If you ask me to imagine “max rates at orders of magnitude where Rohin would say there was no singularity”, then I think I pivot my plan for impact into figuring out how exactly we are going to manage to coordinate to move slowly even when there’s tons of obvious value lying around, and then trying to use the same techniques to get tons and tons of oversight on the systems we build.
Hmm, I interpreted “cost of misalignment” as “expected cost of misalignment”, as the standard way to deal with probabilistic things, but it sounds like you want something else.
Let’s say for purposes of argument I think 10% chance of extinction, and 90% chance of “moderate costs but nothing terrible”. Which of the following am I supposed to have updated to?

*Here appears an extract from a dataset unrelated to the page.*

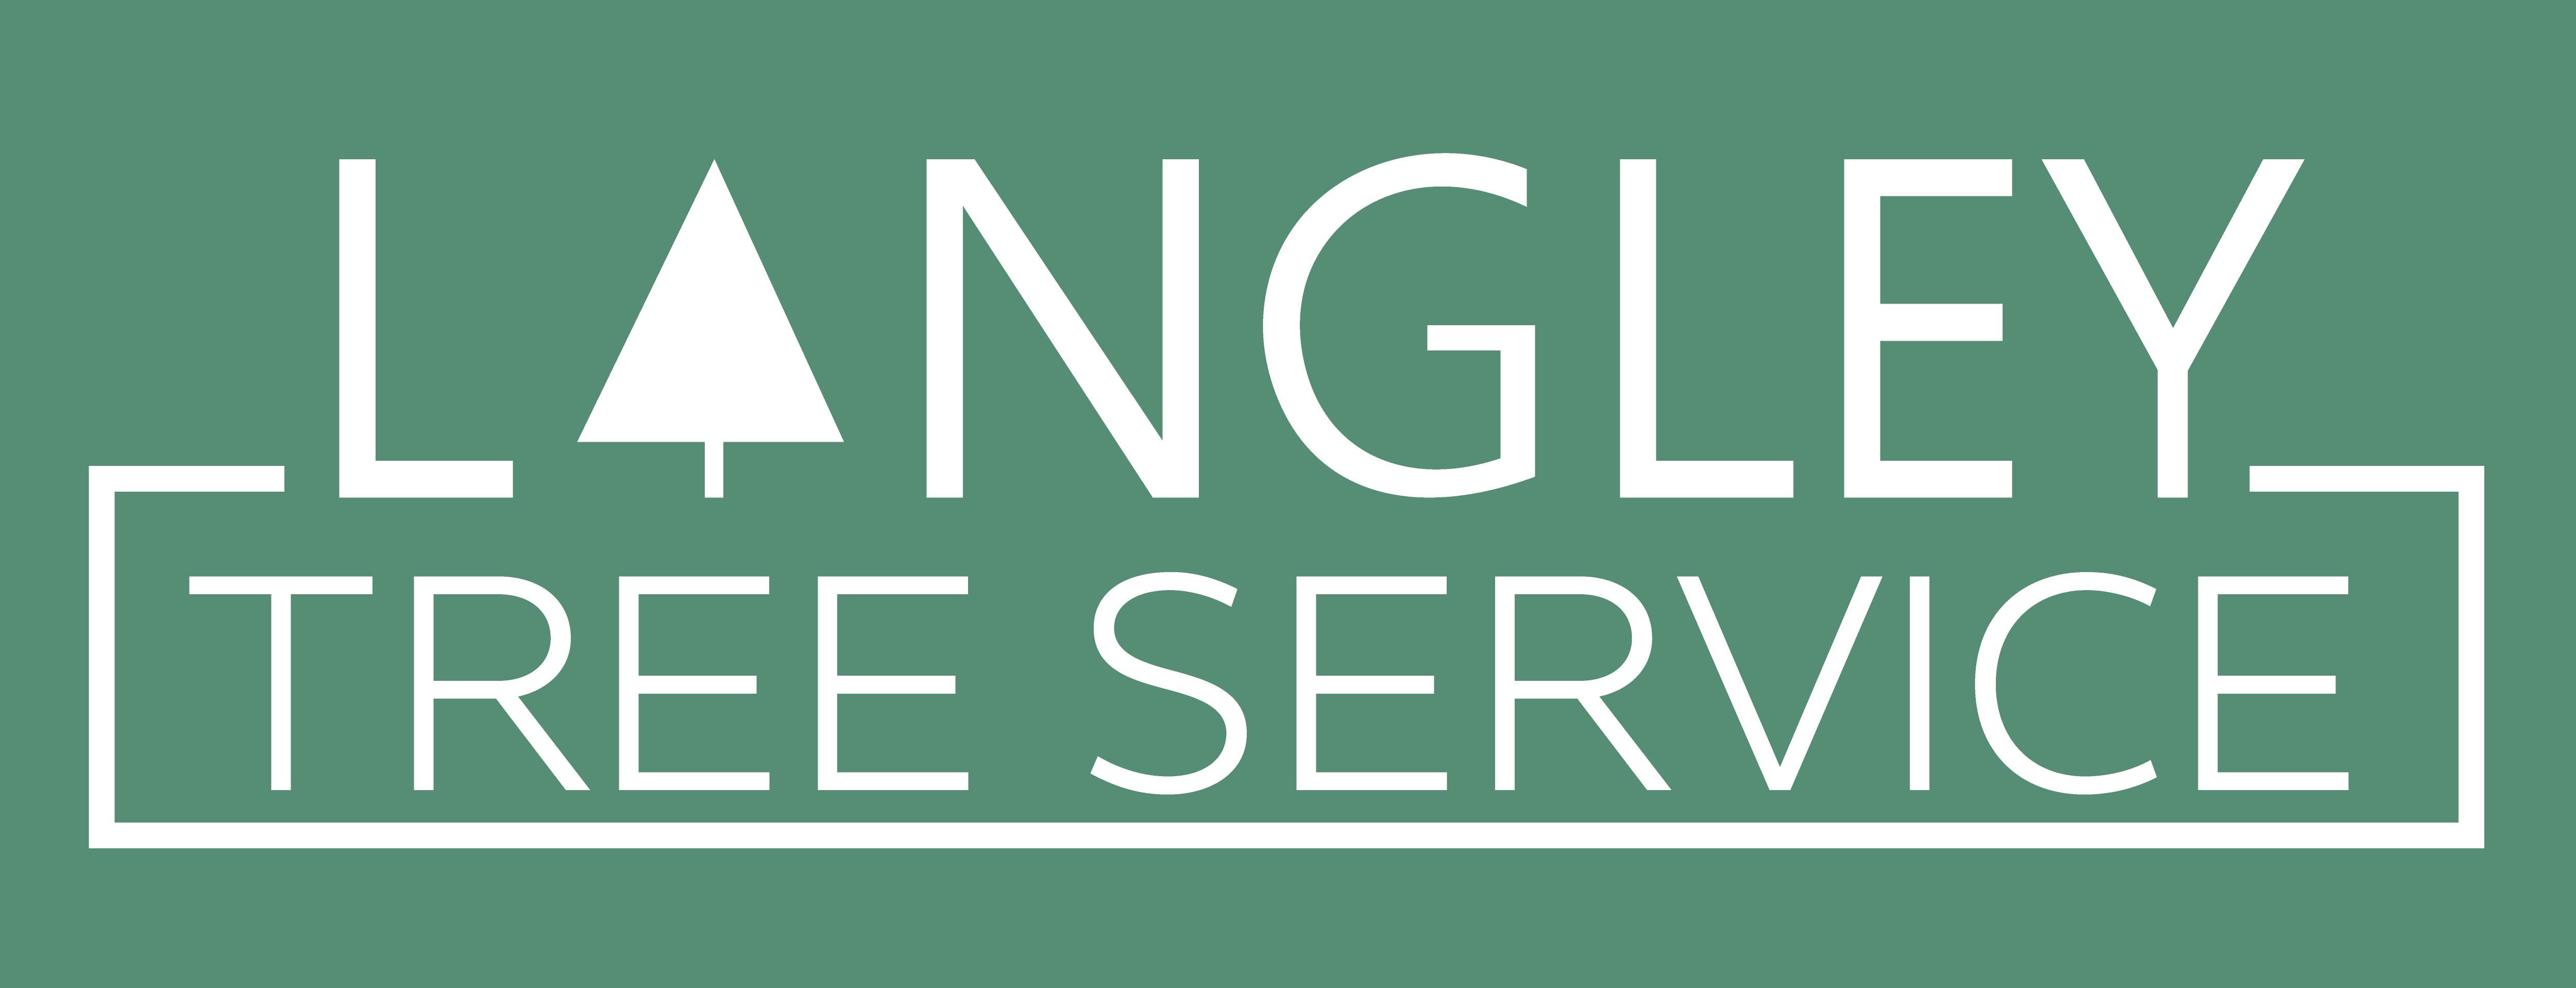 Langley Tree Service logo
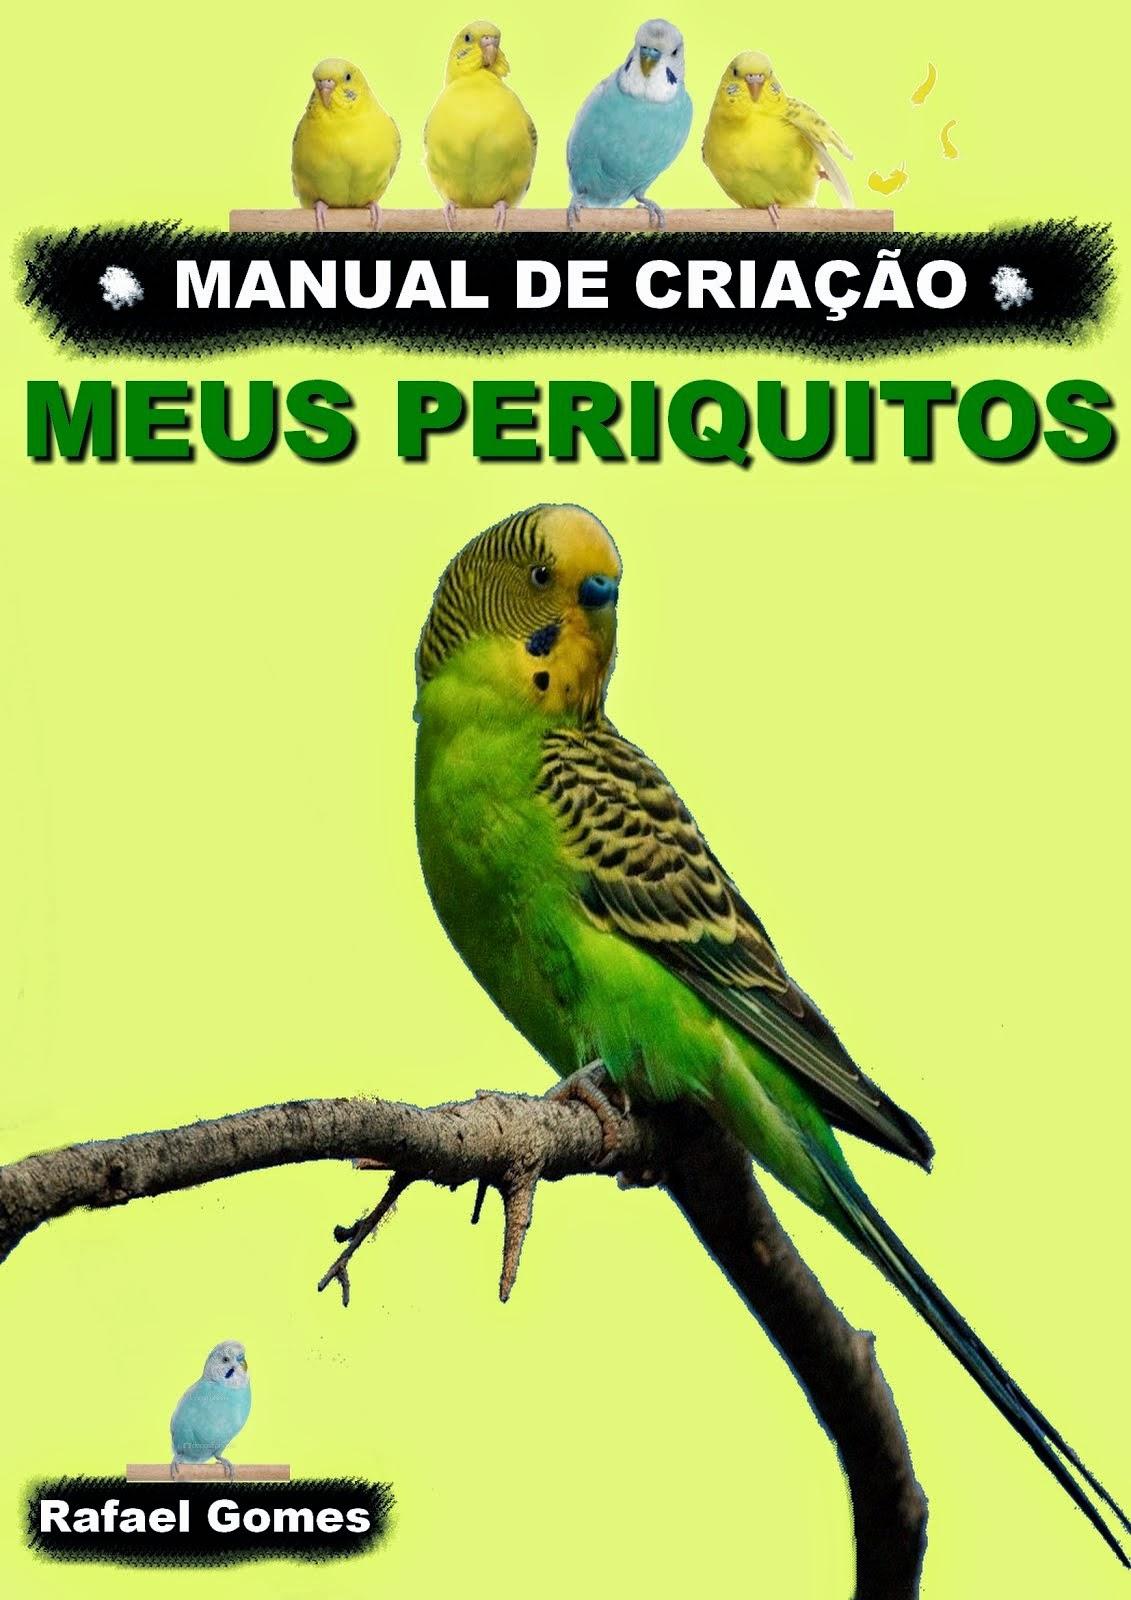 Ebook: Manual de Criação - Meus Periquitos - Promoção Apenas R$ 6,90

5% extinction, 95% moderate costs
5% extinction, 45% moderate costs, 50% perfect world
10% extinction, 90% mild costs
10% outcome-half-as-bad-as-extinction, 90% mild costs
0% extinction, 100% mild costs
I was imagining (4), but any of (1) - (3) would also not change my actions; it sounds like you want me to imagine (5) but in that case I just completely switch out of AI alignment and work on something else, but that’s because you moved p(extinction) from 10% to 0%, which is a wild update to have made and not what I would call “the cost of misalignment is half as much as I thought”.
I think you sufficiently addressed my confusion, so you don’t need to reply to this comment, but I still had a few responses to what you said.
No, I agree. But growth is generally measured over an interval. In the original comment I proposed the interval of one year during the peak rate of economic growth. To allay your concern that a 25% growth rate indicates we didn’t experience a singularity, I meant that we were halving the growth rate during the peak economic growth year in our future, regardless of whether that rate was very fast.
The 25% figure was totally arbitrary. I didn’t mean it as any sort of prediction. I agree that an extrapolation from biological growth implies that we can and should see >1000% growth rates eventually, though it seems plausible that we would coordinate to avoid that.
That’s reasonable. A separate question might be about whether the rate of growth during the entire duration from now until the peak rate will cut in half.
I think the way you’re bucketing this into “costs if we go extinct” and “costs if we don’t go extinct” is reasonable. But one could also think that the disvalue of extinction is more continuous with disvalue in non-extinction scenarios, which makes things a bit more tricky. I hope that makes sense.
Cool, that all makes sense.
I’m happy to use continuous notions (and that’s what I was doing in my original comment) as long as “half the cost” means “you update such that the expected costs of misalignment according to your probability distribution over the future are halved”. One simple way to imagine this update is to take all the worlds where there was any misalignment, halve their probability, and distribute the extra probability mass to worlds with zero costs of misalignment. At which point I reason “well, 10% extinction changes to 5% extinction, I don’t need to know anything else to know that I’m still going to work on alignment, and given that, none of my actions are going to change (since the relative probabilities of different misalignment failure scenarios remain the same, which is what determines my actions within alignment)”.
I got the sense from your previous comment that you wanted me to imagine some different form of update and I was trying to figure out what.
Good to hear! What are your 10% timelines?
Idk, maybe 2030 for x-risky systems?